We have incorporated the optimized OtoProtein2 structures with the DVD (www.deafnessvariationdatabase.org) to be visualized in the context of the comprehensive genetic information available therein. With 100% coverage, any DVD missense variant can be selected and visualized on its corresponding protein structure. These structures are also available for download on Github (https://github.com/SchniedersLab/OtoProtein).

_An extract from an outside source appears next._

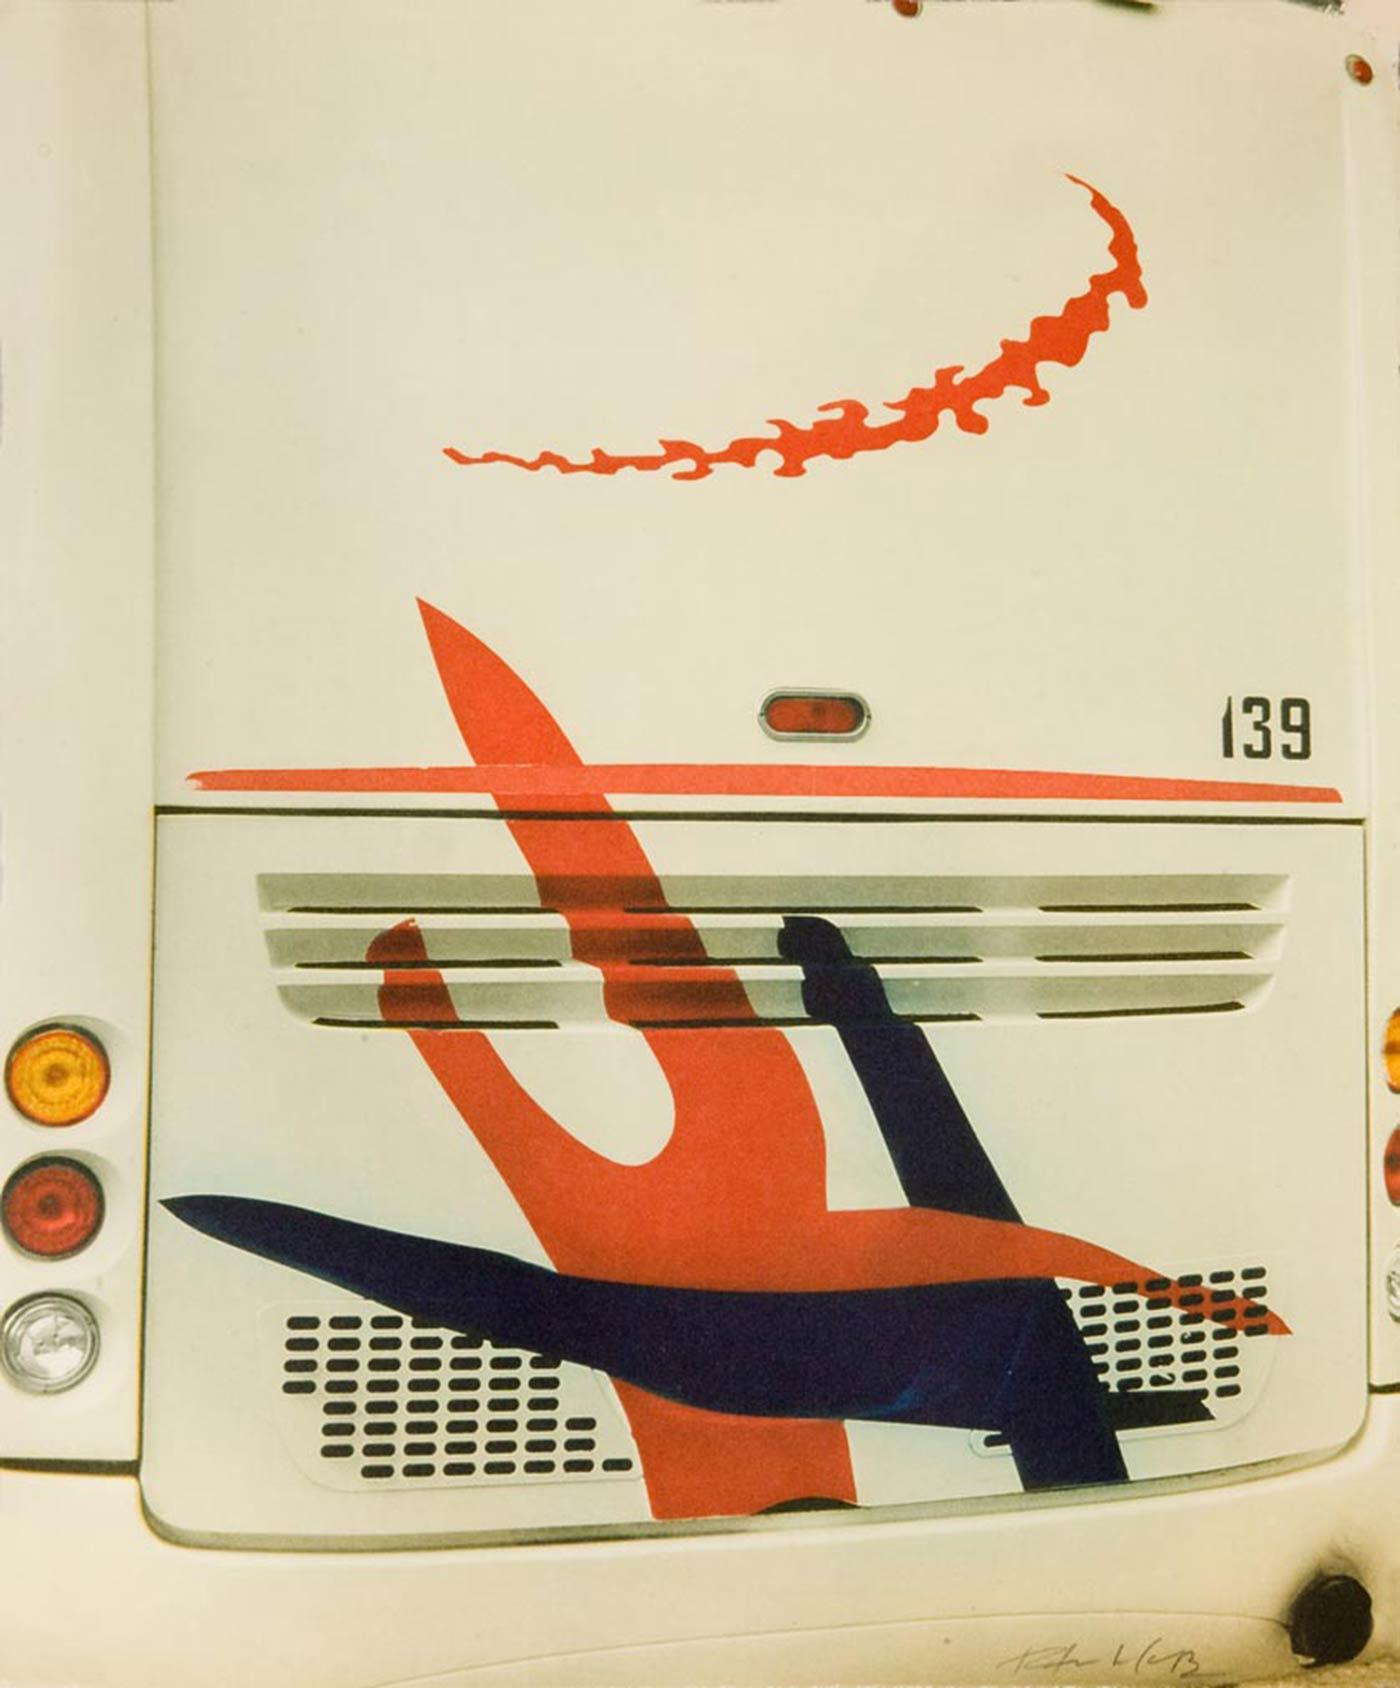 Bus Load (Miro)

Using ∆∆GFold predictions to prioritize variants of uncertain significance

We used DDGun3D (Montanucci et al. 2019) and the optimized OtoProtein2 structures to predict the folding free energy differences (∆∆GFold) for 128,167 missense variants in the DVD (Fig. 3 and Table S4). In total, 75,072 variants (59%) are destabilizing (∆∆GFold > 0), 34,253 variants (27%) are stabilizing (∆∆GFold < 0), and the remainder are neutral (∆∆GFold = 0). B variants show a mildly destabilizing mean ∆∆GFold of 0.13 kcal/mol while P variants have a higher destabilizing mean ∆∆GFold of 0.80 kcal/mol (p-value = 8.54 × 10–197). Within each variant classification (B: p-value = 1.006 × 10–2; P: p-value = 3.68 × 10–114), variants in high confidence regions of a protein structure (i.e., often functional regions) have a higher mean ∆∆GFold and a wider distribution of ∆∆GFold than variants that fall within low confidence regions (i.e., often natively disordered protein regions).

Fig. 3
figure 3

The range of ∆∆GFold predictions for missense variants in the Deafness Variation Database (DVD). a Box plots are grouped based on DVD pathogenicity classification and bars are colored based on the structure confidence at the variant’s amino acid position. Pathogenic variants and variants in confident portions of protein models have a larger distribution of ∆∆GFold than the benign and low confidence (e.g., usually solvent exposed) counterparts. The number of observations belonging to each box is printed below the box, and each outlier in the boxplot can represent multiple VUSs due to overlap in ∆∆GFold (also applies to panel b). b A box plot for all VUSs in the DVD. Outliers colored in red are prioritized VUSs that have a large ∆∆GFold (≥ 1.8 kcal/mol) and a high CADD score (> 25.7). Unprioritized VUSs do not have a high CADD score. The number of prioritized VUSs belonging to each box is printed in red below the total number of observations belonging to the box

Using thermodynamics principles (see derivation in supplementary information and Table S3), a ∆∆GFold of > 1.8 kcal/mol represents a 20-fold decrease in the ratio of folded to unfolded protein. At this threshold, variants with a ∆∆GFold larger than 1.8 kcal/mol are appreciably destabilizing to a protein fold, likely resulting in loss of function or protein degradation. The 1.8 kcal/mol threshold results in a positive predictive value (PPV) of 97.1% and specificity of 98.2%, with nearly 17% of pathogenic variants (1067 of all P variants in the DVD) falling above 1.8 kcal/mol. Using the ∆∆GFold with a 1.8 kcal/mol cutoff, 5772 VUSs are deleterious due to destabilization of the protein fold, loss of native function and possibly protein degradation. The presence of both destabilizing and over stabilizing variants are known to result in disease phenotypes (Stefl et al. 2013; Takano et al. 2012; Witham et al. 2011), and we observed that some pathogenic DVD variants have a largely over stabilizing ∆∆GFold (< − 1.8 kcal/mol). However, using a − 1.8 kcal/mol threshold (i.e., a 20-fold increase in the ratio of folded to unfolded protein) to identify over stabilizing variants resulted in a PPV of only 93.0% and applied to only 53 pathogenic variants. Therefore, we focused attention on only destabilizing variants. With nearly 90,000 VUSs in the DVD, DDGun3D provides an efficient means for calculating ∆∆GFold and identifying deleterious variants.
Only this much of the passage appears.